Figure 1 1,2-Dilinoleoylphosphatidylcholine (DLPC), the main active ingredient in EPL.
Abbreviation: EPL, essential phospholipids.

Phospholipids are known to form the double layer of cellular and subcellular membranes and precondition their fluidity and biological activity. The efficacy of EPL in the therapy of liver diseases is confirmed not only by the ability of DLPC to be incorporated into damaged sections of membranes, which improves hepatic regeneration and replaces endogenous, less unsaturated PC molecules but also by its ability to increase membrane fluidity and functioning. With regard to in vitro and animal investigations, EPL influences membrane-dependent cellular functions and shows antioxidant, anti-inflammatory, antifibrotic, apoptosis-modulating, regenerative, membrane-repairing and -protective, cell-signaling and receptor-influencing, and lipid-regulating effects.6

Materials and methods

Database research was carried out on Medline, Embase, Cochrane Library, country-specific journals, and follow-up literature citations for relevant hepatogastroenterological articles published between 1988 and 2014. In a two-step process, we first used combinations of keywords including NAFLD, ALD, essentiale, ESLs, polyenylphosphatidylcholine, polyene phosphatidylcholine, dilinoleoylphosphatidylcholine, phosphatidylcholine, and therapy.

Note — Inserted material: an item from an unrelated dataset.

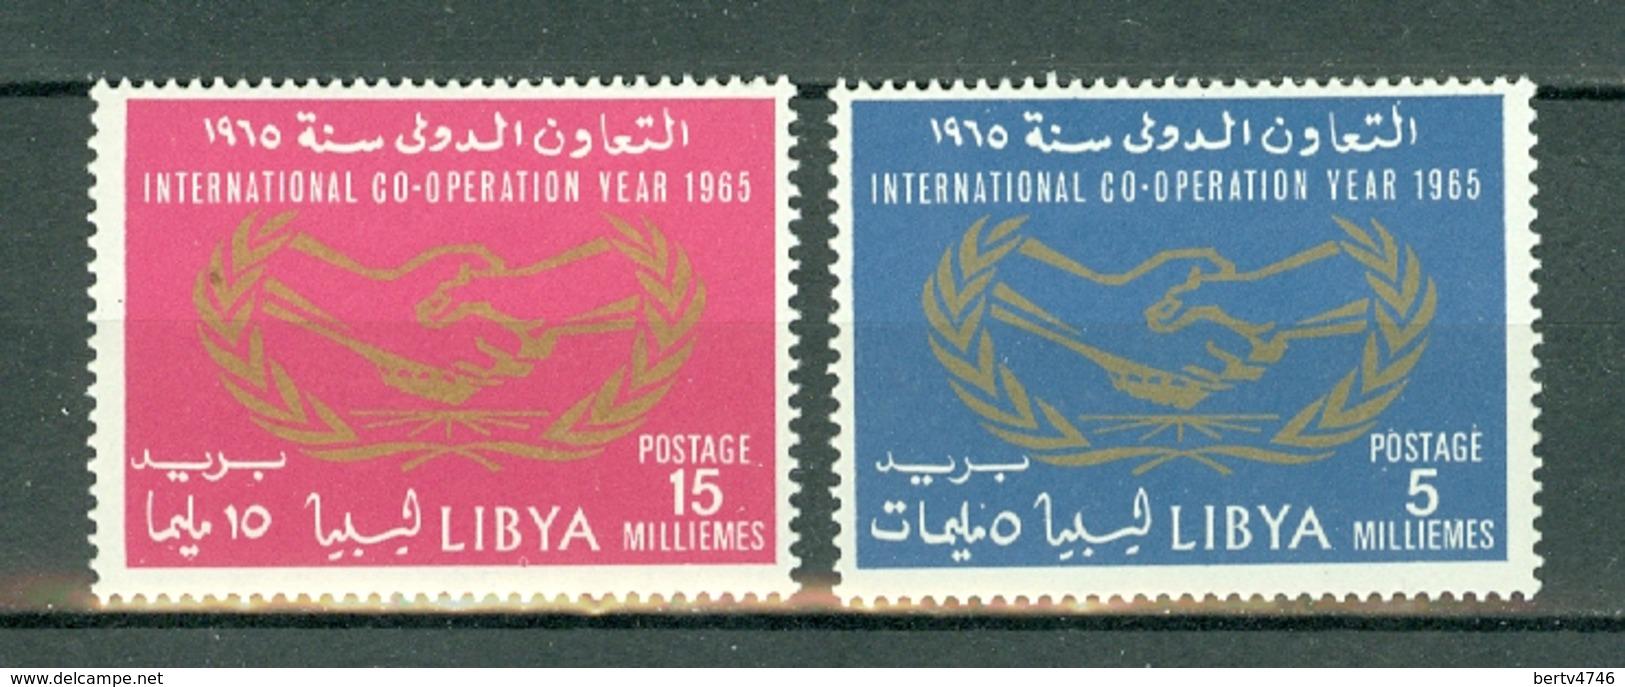 Libia 1965  Mi 261 / 262**  MNH - Libye

In the second step, we reviewed those papers that indicated minimum extraction amount of 72% PC from soybean as being necessary to treat patients with a considerable amount of DLPC as a key component in EPL (for details see later), or that were based on the trade name Essentiale®. Studies with less purified PC from soybean or with PC from other provenience were excluded. All papers that were reported in different languages other than English were completely translated into English. Of the 83 clinical studies in total, 25 representative ones regarding the causes of FLD, study design, and investigated variables were selected, including one case report study and seven double-blind studies (Table 1).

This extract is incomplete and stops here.